Section 1002 ~ MWThF, 10:00 in CU118

Section 1003 ~ MWThF, 12:00 in Wehr Chem. 002

 

Instructor: Mrs. Mary P. Utzerath, CU 359, 288-5225, mary.utzerath@marquette.edu

 

Office Hours:  M. and W. 2-4 and by appointment.   Please check our class website for changes.

Instructor Office Visits:  For an appointment please see me after class, or call or email.  If my office door is closed tight it means I’m not in or I do not want to be interrupted.  If, outside of office hours, my office door is ajar it’s o.k. to interrupt to make an appointment. 

 

Teaching Assistant (T.A.):  Shivani Ratnakumar, CU361.        shivani.ratnakumar@marquette.edu

 

T.A. Office Hours:  T.4-6, Th. 1-3.

 

Text:  Boyce & DiPrima, Elementary Differential Equations, 8^th ed with ODE Architect CD.  A Student Solutions Manual by Charles W. Haines is available.

 

Calculator:  The official calculator for class discussion purposes is the TI 89.  

 

Stapler:  Homework assignments will be collected every week.  If the pages are not stapled together (paper clips are not an acceptable substitute) you will lose a point. 

 

Course Content:  This course covers methods, models and techniques applicable to first-order differential equations, to second-order linear differential equations, and to second-order systems of first order differential equations.   Basic concepts of linear algebra (determinants, matrix operations) are introduced.  Solution methods include Laplace transforms, infinite series, eigenvalues and eigenvectors.

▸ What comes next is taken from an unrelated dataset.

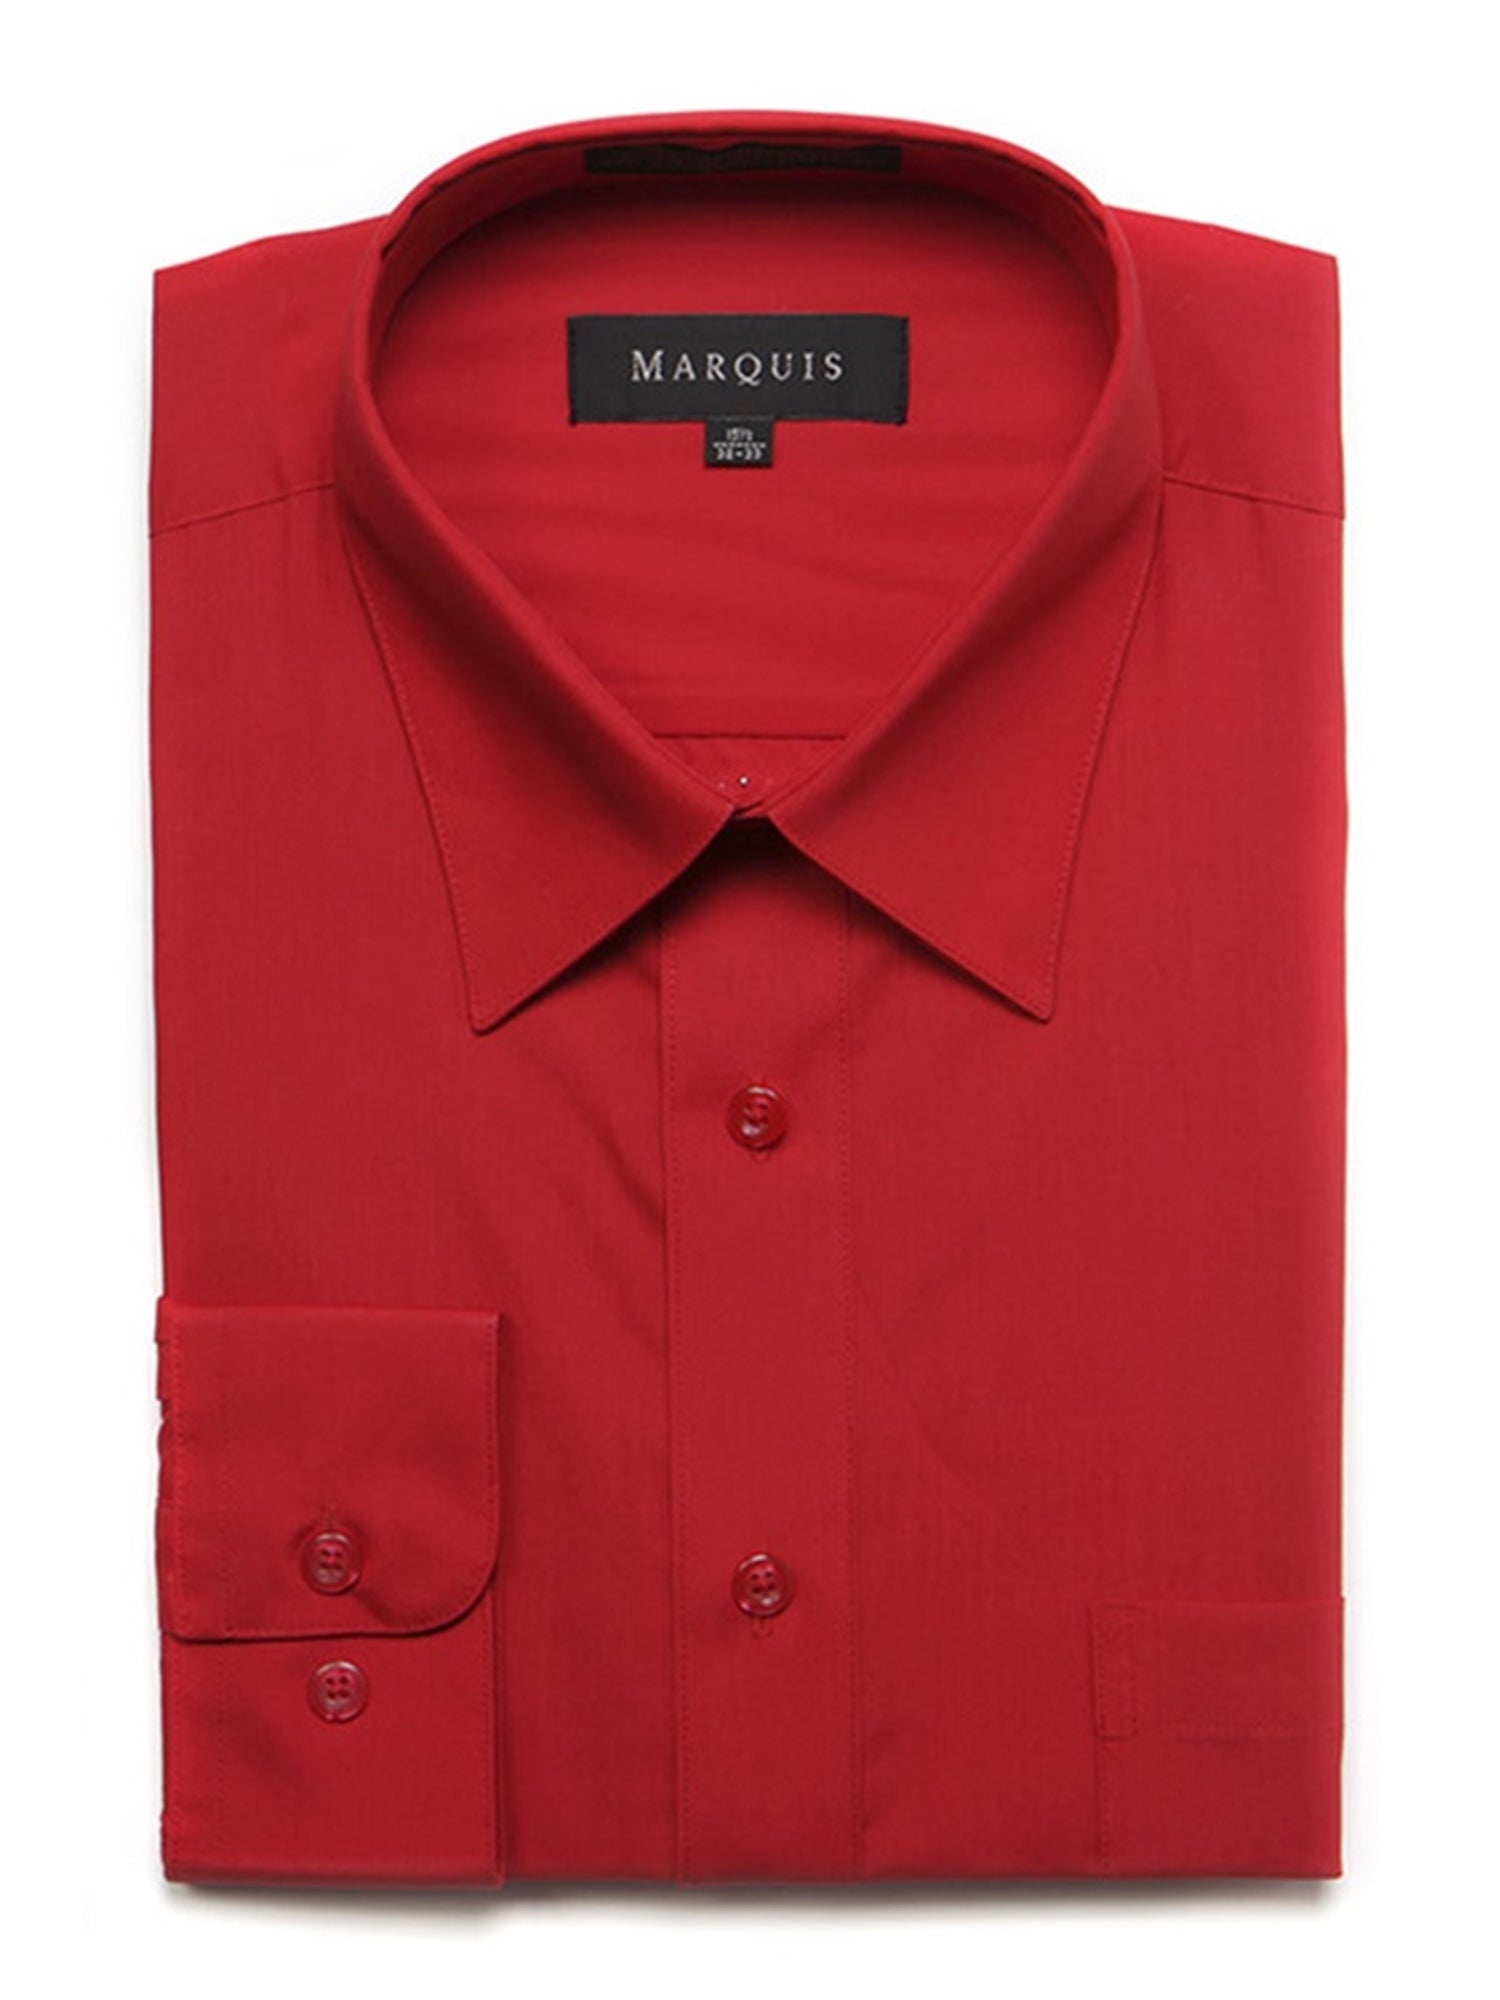 Marquis Men's Long Sleeve Regular Fit Dress Shirt Dress Shirt Marquis Red 14.5 Neck 32/33 Sleeve

Graphical approaches, such as direction fields and phase planes, and numerical methods are introduced.  A variety of applications and models are studied.  These topics correspond to portions of Chapters 1- 8 of the text.

 

Objectives:    Students should understand the basic components of the modeling process and how to apply differential equations to model various empirical behaviors.   Students should be able to classify common ordinary first-order differential equations and second-order linear equations and apply appropriate methods to solve them.   Students should understand basic second-order matrix and determinant theory, the basic eigenvalue problem, and methods for solving second-order systems of first order differential equations. 

 

Lectures and Course “Handouts”:  All lectures, the syllabus, assignments, and announcements for this course will be posted on the web site www.mscs.mu.edu/~mary/83.html.  You are expected to download, print, and bring lecture materials to class.        

 

Weekly Structure of the Course:  Lectures by Mrs. Utzerath will be given on Mondays, Wednesdays, and Fridays.  Thursday classes, facilitated by Shivani Ratnakumar, are designated for questions, calculator demonstrations, and occasional continuation of lectures. 

 

Attendance:   Attendance is required.  Excessive absences will be penalized.  You are expected to arrive in class on time with the appropriate lecture notes for the class (see above under “Lectures and Course ‘Handouts’ ”), having completed the assigned reading for the current lecture and assigned problems for the previous lecture.  If you miss a class it is your responsibility to obtain and learn the material you missed.  In the event that you miss a class (even for a legitimate reason) please do not ask me or Shivani to “catch you up” or to go over the lecture you missed.  We do not give private lectures or do private tutoring but will be happy to answer your questions only after you have obtained the material you missed and made an attempt to learn it yourself (or with a tutor).  Missing a class is no excuse for turning in a late homework or for not knowing about a change in an exam or date.

 

Withdrawal from Course:  If you intend to withdraw, it is your responsibility to withdraw yourself from the course.   The last day to withdraw with a grade of W is Friday, April 11th.   Do not assume that just because you have stopped attending class you will be automatically withdrawn from the course.  If you quit attending class and do not officially withdraw, you will receive a grade of F. 

 

Tutoring:  It is your responsibility to keep abreast of the course, to master the material covered, and to take the initiative for getting the help you need.  The MUSC Tutorial Program offers tutorial services for Math 083.  This tutoring program will begin the second week of classes.  Students must fill out a Tutor Request Form in AMU 317 before joining a session.  All services are free for the students.  Each session meets for one hour per week with up to five students in a group.  Note that this is not a drop-in-for-tutoring arrangement, although drop-in tutoring hours may be available (students will be informed of this when they sign up for a tutoring session).  In addition to tutorial assistance, the MUSG Tutorial Program offers individual assistance to students who would like to improve their study skills.  For more information see the MUSG website at http://www.mu.edu/oses.

 

Ethics and Behavior:  High standards of personal conduct and consideration of others are required in order to create a classroom climate conducive to learning.  Cell phones should be turned off.  Gum chewing must be quiet.  Eating is not allowed.  Instances of academic dishonesty will be handled in accordance with College policy, and may lead to expulsion from the University.  These instances include, but are not limited to:

·      The illegitimate use of materials (such as crib sheets or phones, etc.) in any form during a quiz or examination.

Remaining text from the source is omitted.